Другая покачала головой:
— Нет, это не так. Ты только в его глаза посмотри!
— Эй, девчонки, тащите-ка сюда свои пиписьки. Сейчас я вам кое-что покажу…
Девушки с визгом убежали.
Генри лежал на кровати, смотрел в потолок и ухмылялся. Хорошо он их отбрил. По крайней мере не будут больше сюда соваться.
Неожиданно в палату вошел полицейский.
— Хочешь, чтобы твой поганый рот залепили скотчем? Не хочешь — тогда не разевай свою пасть.
Генри с большим удовольствием сообщил бы этому парню, какое место ему следует себе залепить, если у него вдруг образовался излишек скотча, но сдержался. Вместо того чтобы ругаться с полицией, лучше спать, набираться сил. Сон приближал время выздоровления, а стало быть, освобождения.
Генри промолчал и закрыл глаза.
— Мешок с дерьмом, — позвучало у него над ухом, потом послышались удаляющиеся шаги. Охранник вышел из палаты.

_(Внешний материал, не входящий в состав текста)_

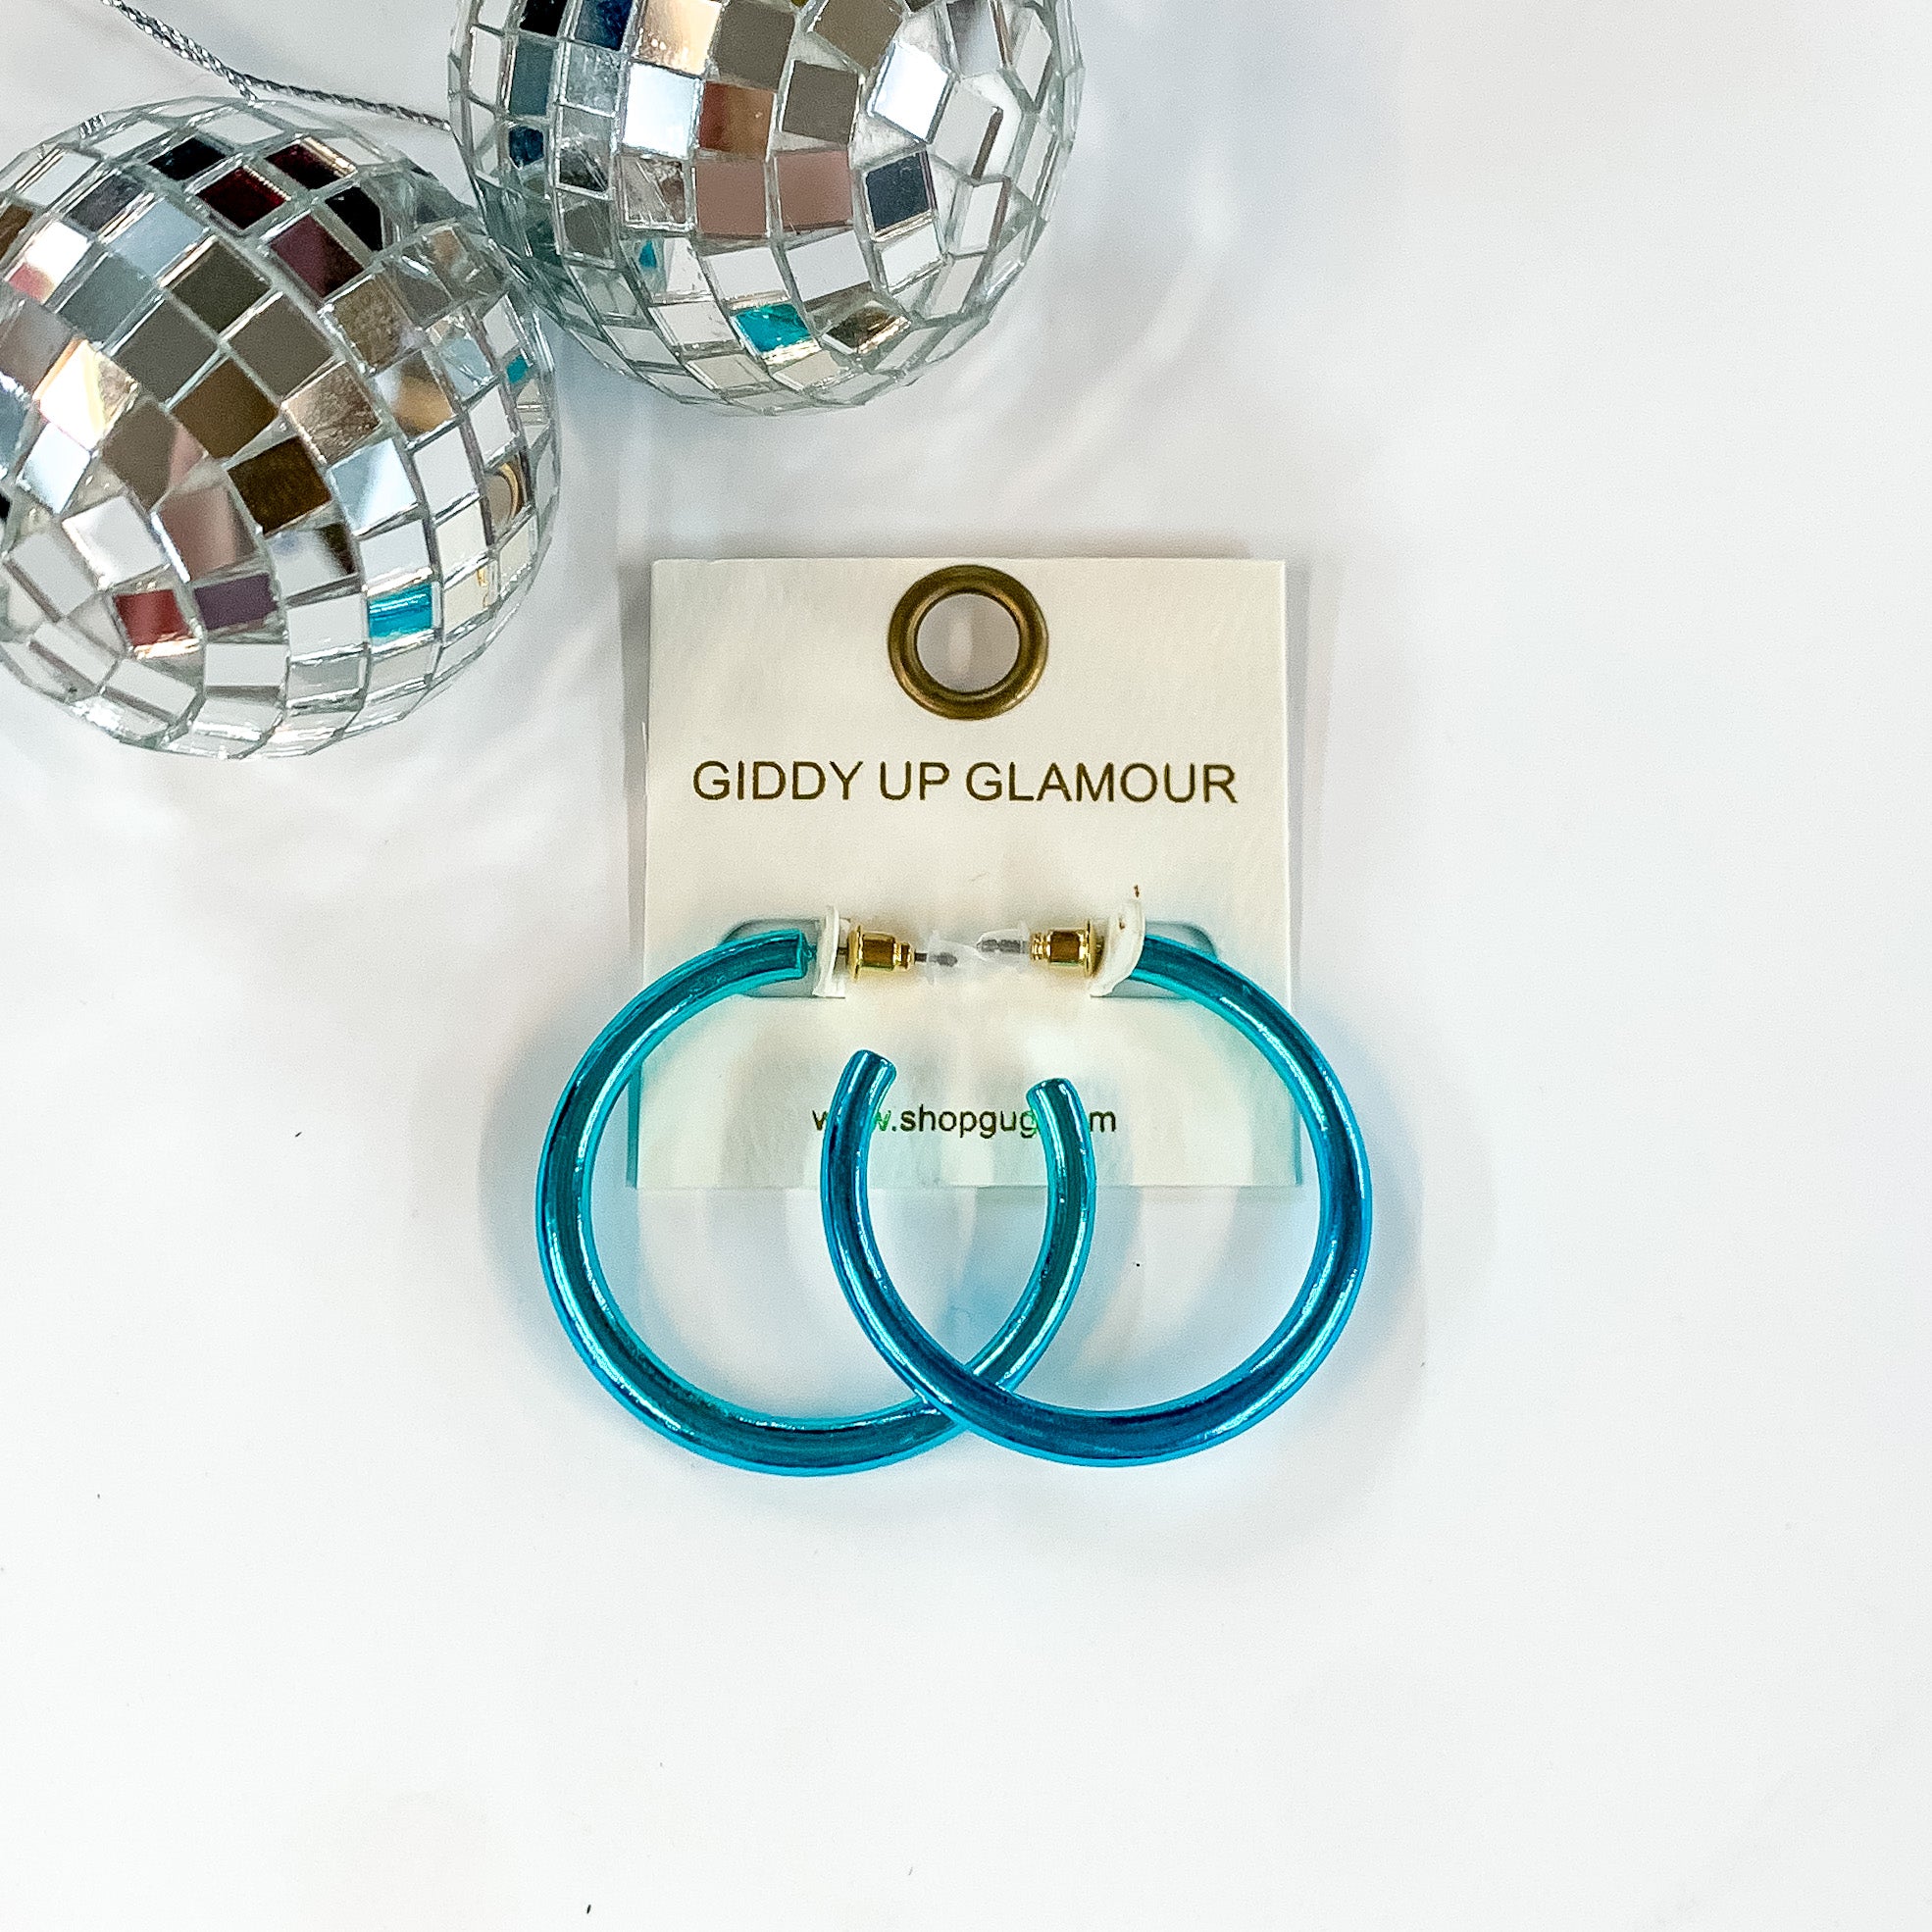 Light Up Medium Neon Hoop Earrings In Blue. Pictured on a white background with disco balls in the top left corner.

Временами, прежде чем провалиться в сон, Генри лежал с закрытыми глазами и предавался размышлениям.
Это она, Мэгги, подставила его: тут не могло быть никаких сомнений. А он, поверив ей, сглупил, и основательно. Ни в коем случае не следовало звонить ей снова. Надо было просто убить их обоих в ту ночь, когда он топтался под окном их гостиной.
Генри снова ухмыльнулся. Что ж, это ему урок на будущее. Нельзя давать волю чувствам — никаким, даже любви и ярости. Надо хладнокровно продумывать все до мелочей. Ничего, день его триумфа еще настанет. Теперь, когда он абсолютно точно знает, что представляет собой эта женщина, чувства должны уступить место холодному расчету. Расчету и терпению. Он будет ждать. Пусть долго — ровно столько, сколько понадобится.

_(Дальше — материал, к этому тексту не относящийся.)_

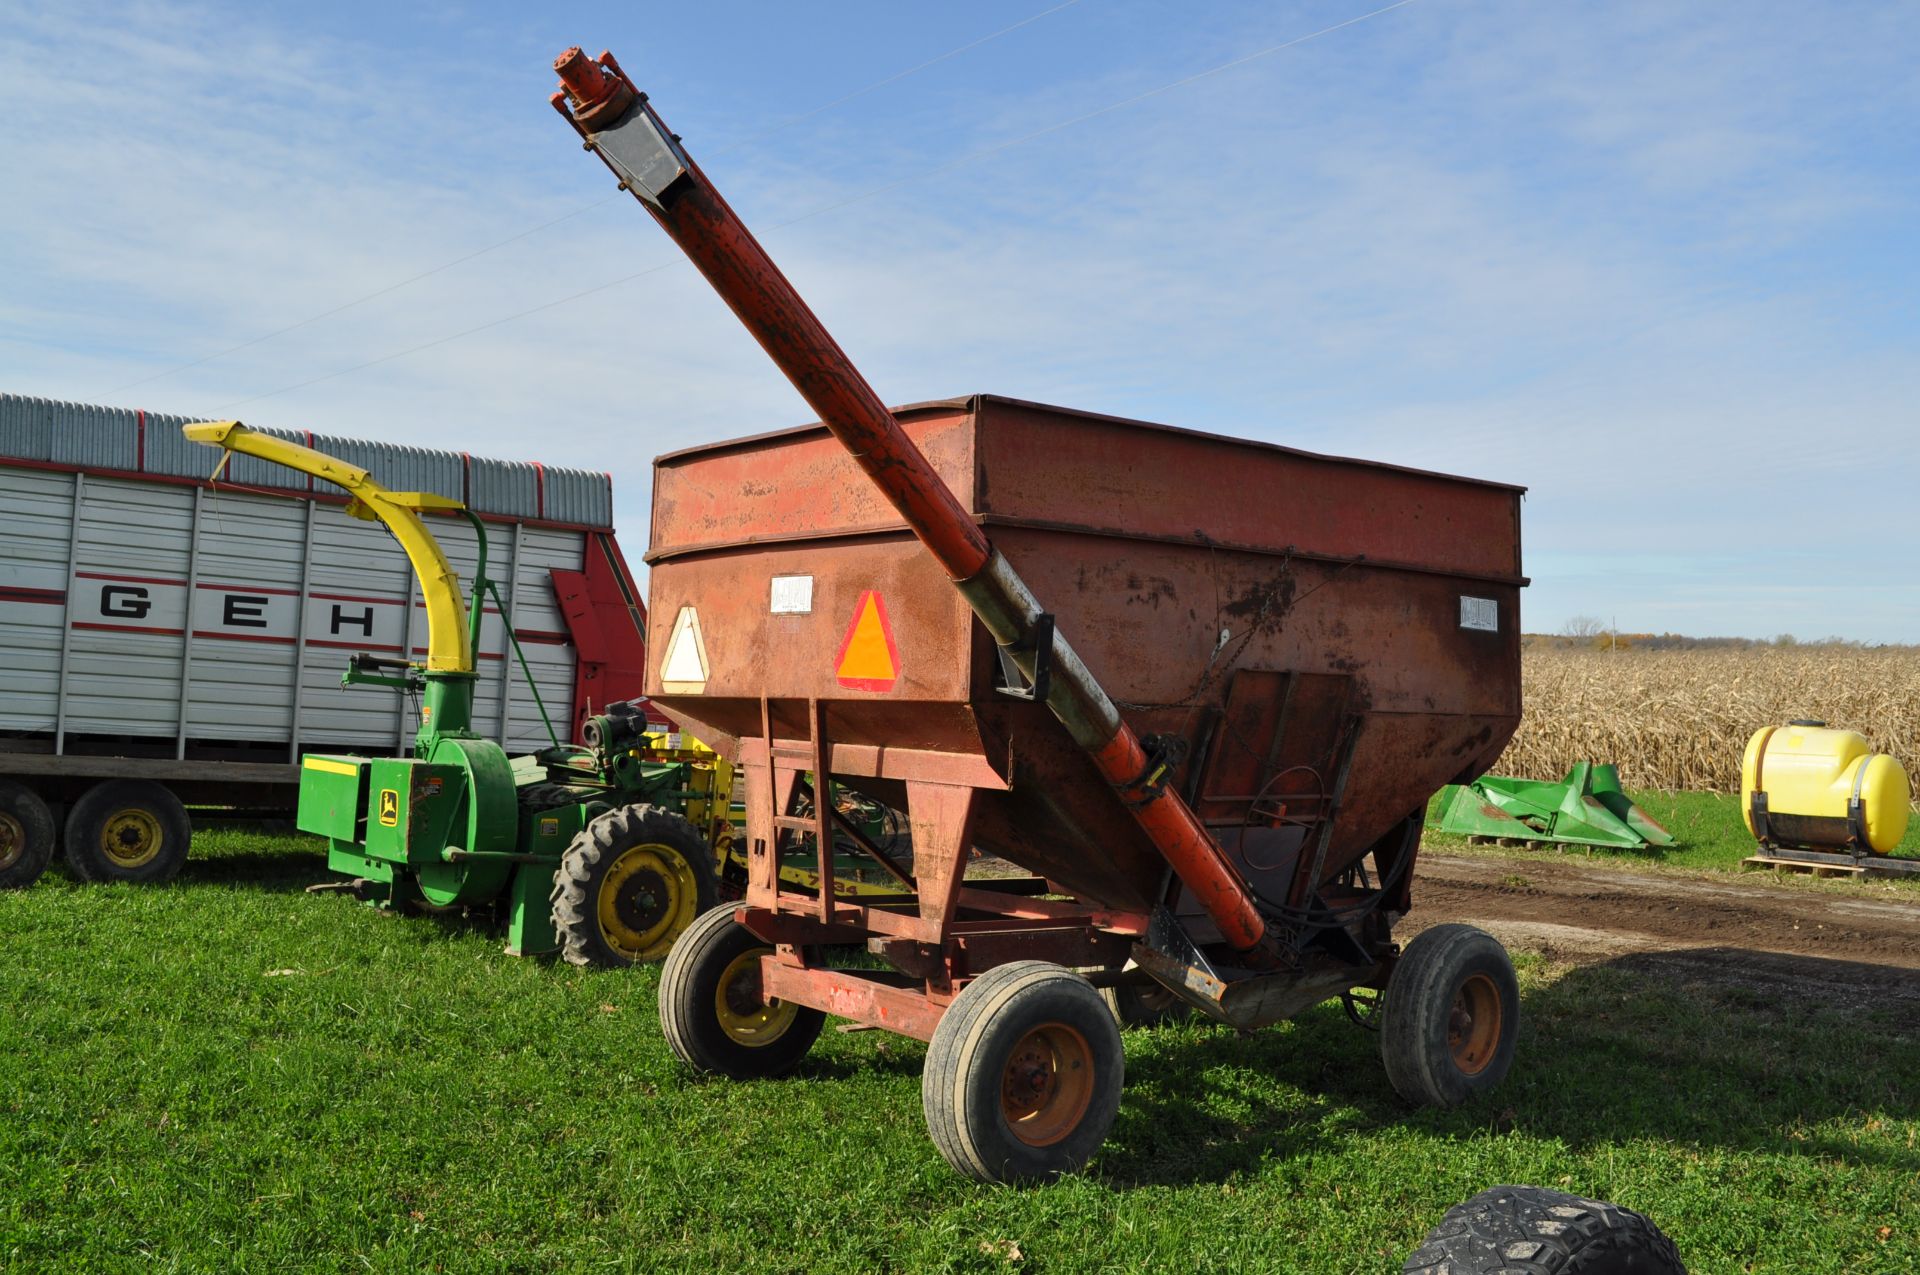 McCurdy 350 gravity wagon on gear, 14’ hydr fertilizer auger, 11L-15 tires - Image 3 of 11

Пройдут дни, недели, и из его хаотичных мыслей вызреет план мести. И если человек продумал все до деталей, он может добиться многого, очень многого.
— В следующий раз я поеду не с тобой, а за тобой.
Майк с удивлением посмотрел на жену:
— Почему?
— Потому что иначе я умру от жажды, прежде чем мы доберемся до Калифорнии.